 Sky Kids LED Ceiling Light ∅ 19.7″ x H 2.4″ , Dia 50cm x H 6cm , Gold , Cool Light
════════════════════
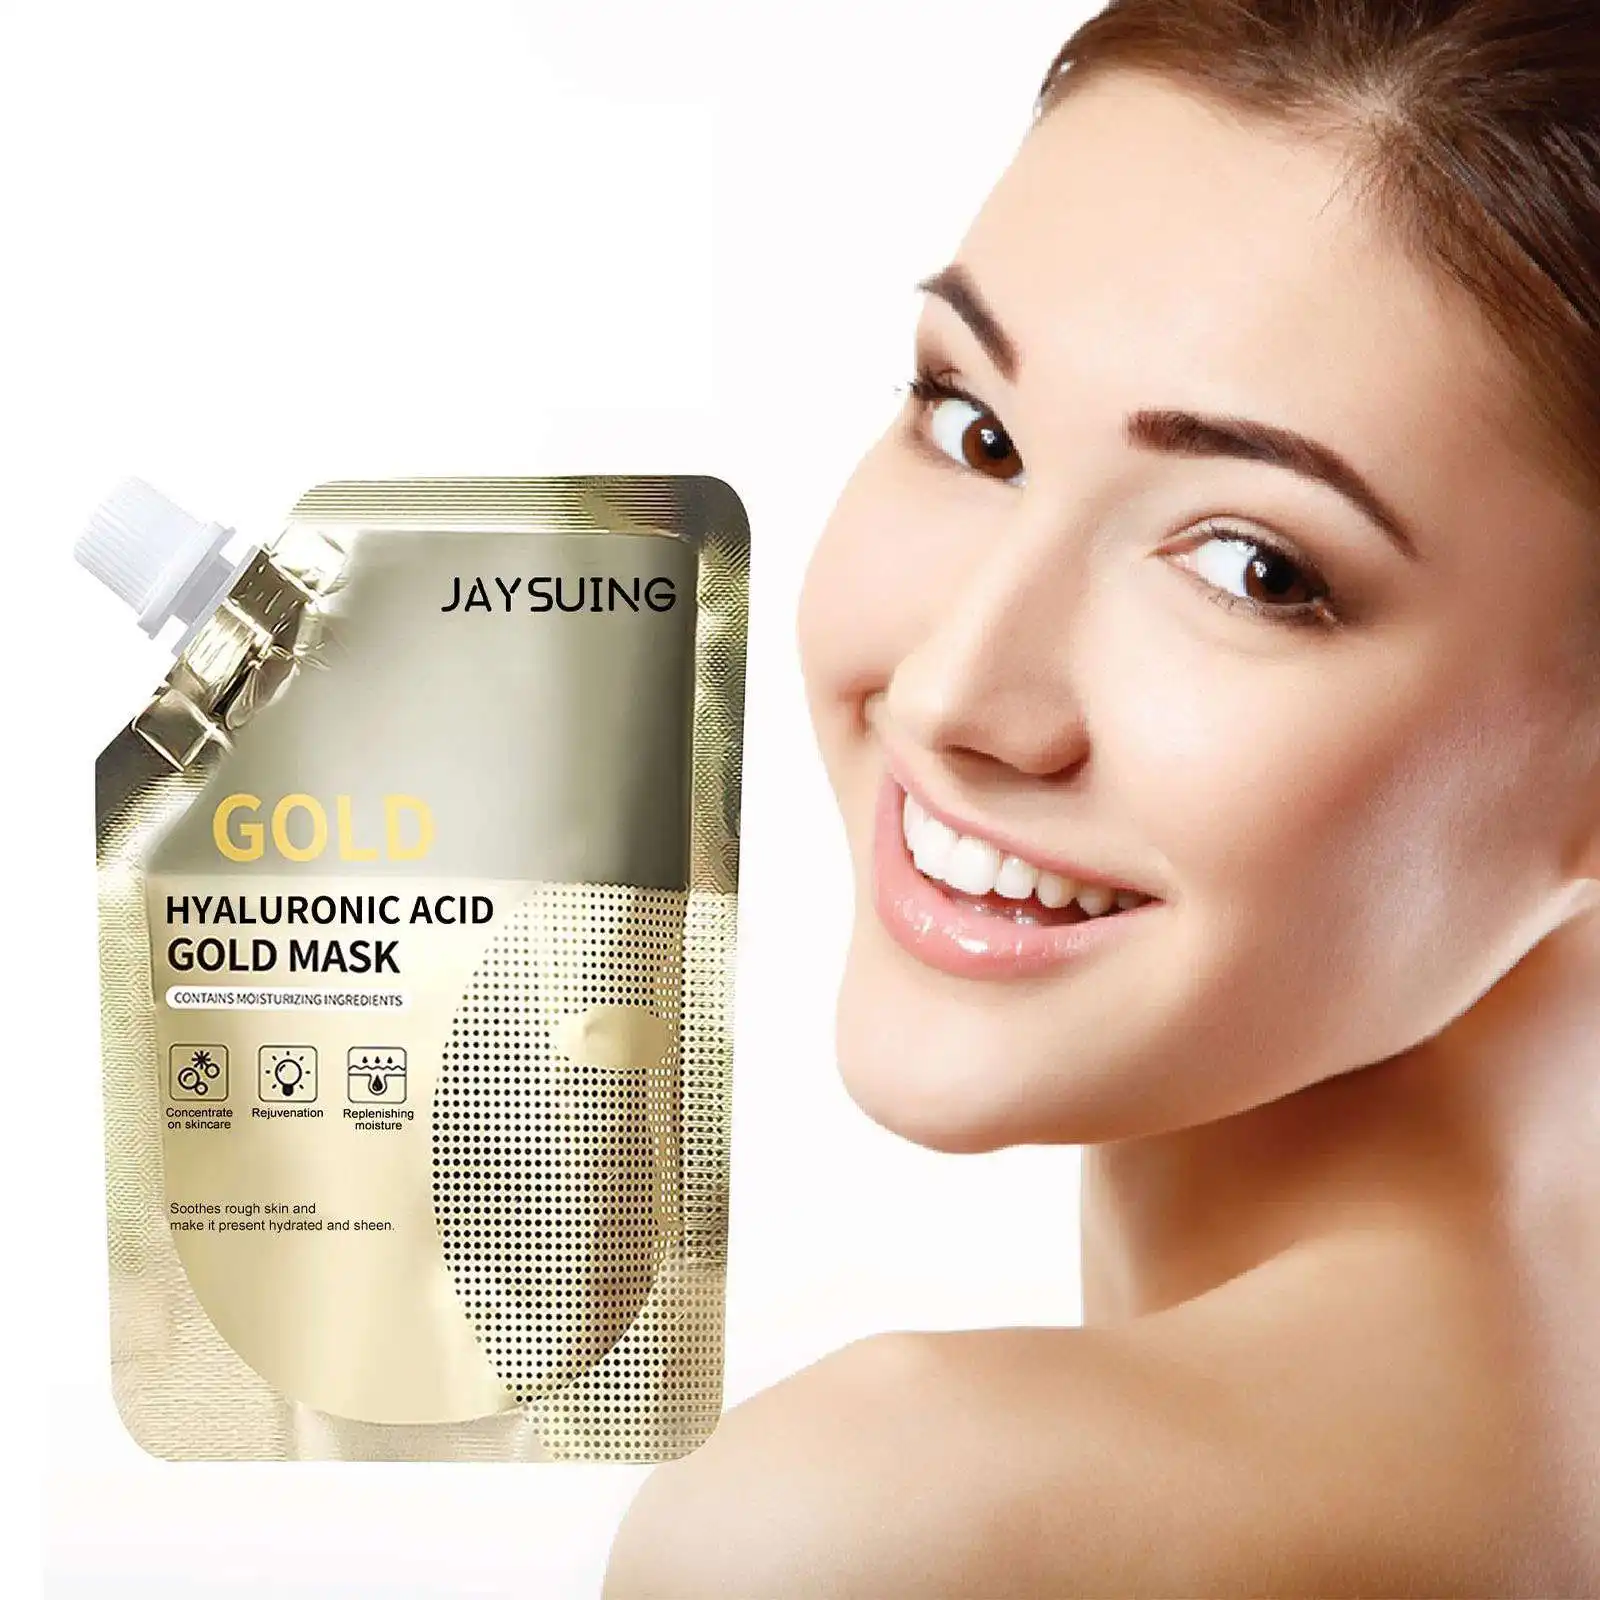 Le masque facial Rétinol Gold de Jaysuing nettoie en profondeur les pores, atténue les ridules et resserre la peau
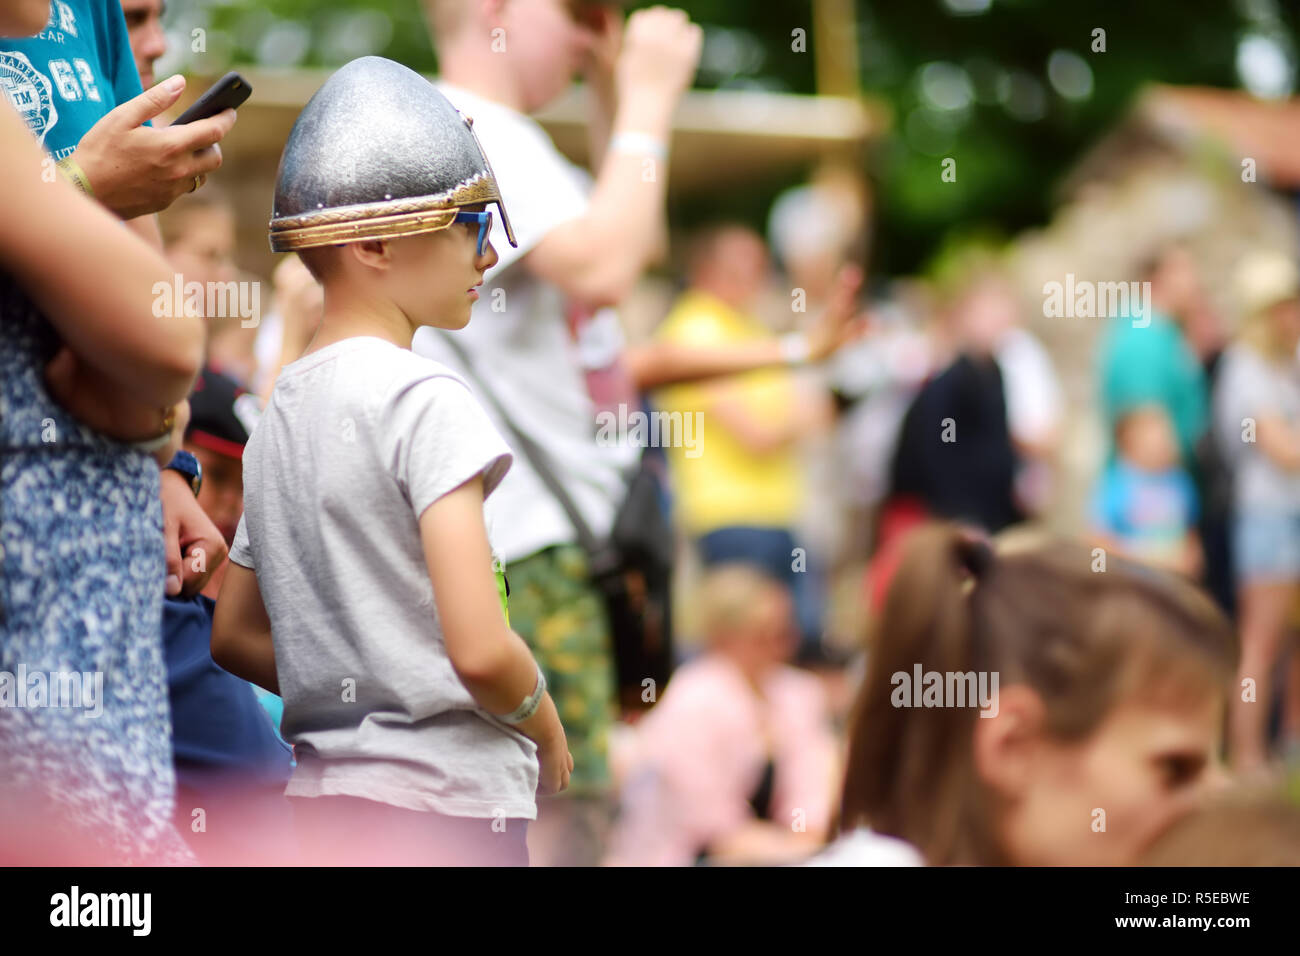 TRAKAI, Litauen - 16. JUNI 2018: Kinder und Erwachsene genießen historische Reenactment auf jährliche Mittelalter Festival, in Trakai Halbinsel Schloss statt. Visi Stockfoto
════════════════════
WHAT YOU WILL DO -> Pictures excluded, reproduce only the part above that opens with the line holding "Le masque facial" and closes with the line holding "TRAKAI, Litauen - 16.", exactly as written.

FINISHED EXERCISE ->
 Le masque facial Rétinol Gold de Jaysuing nettoie en profondeur les pores, atténue les ridules et resserre la peau
 TRAKAI, Litauen - 16. JUNI 2018: Kinder und Erwachsene genießen historische Reenactment auf jährliche Mittelalter Festival, in Trakai Halbinsel Schloss statt. Visi Stockfoto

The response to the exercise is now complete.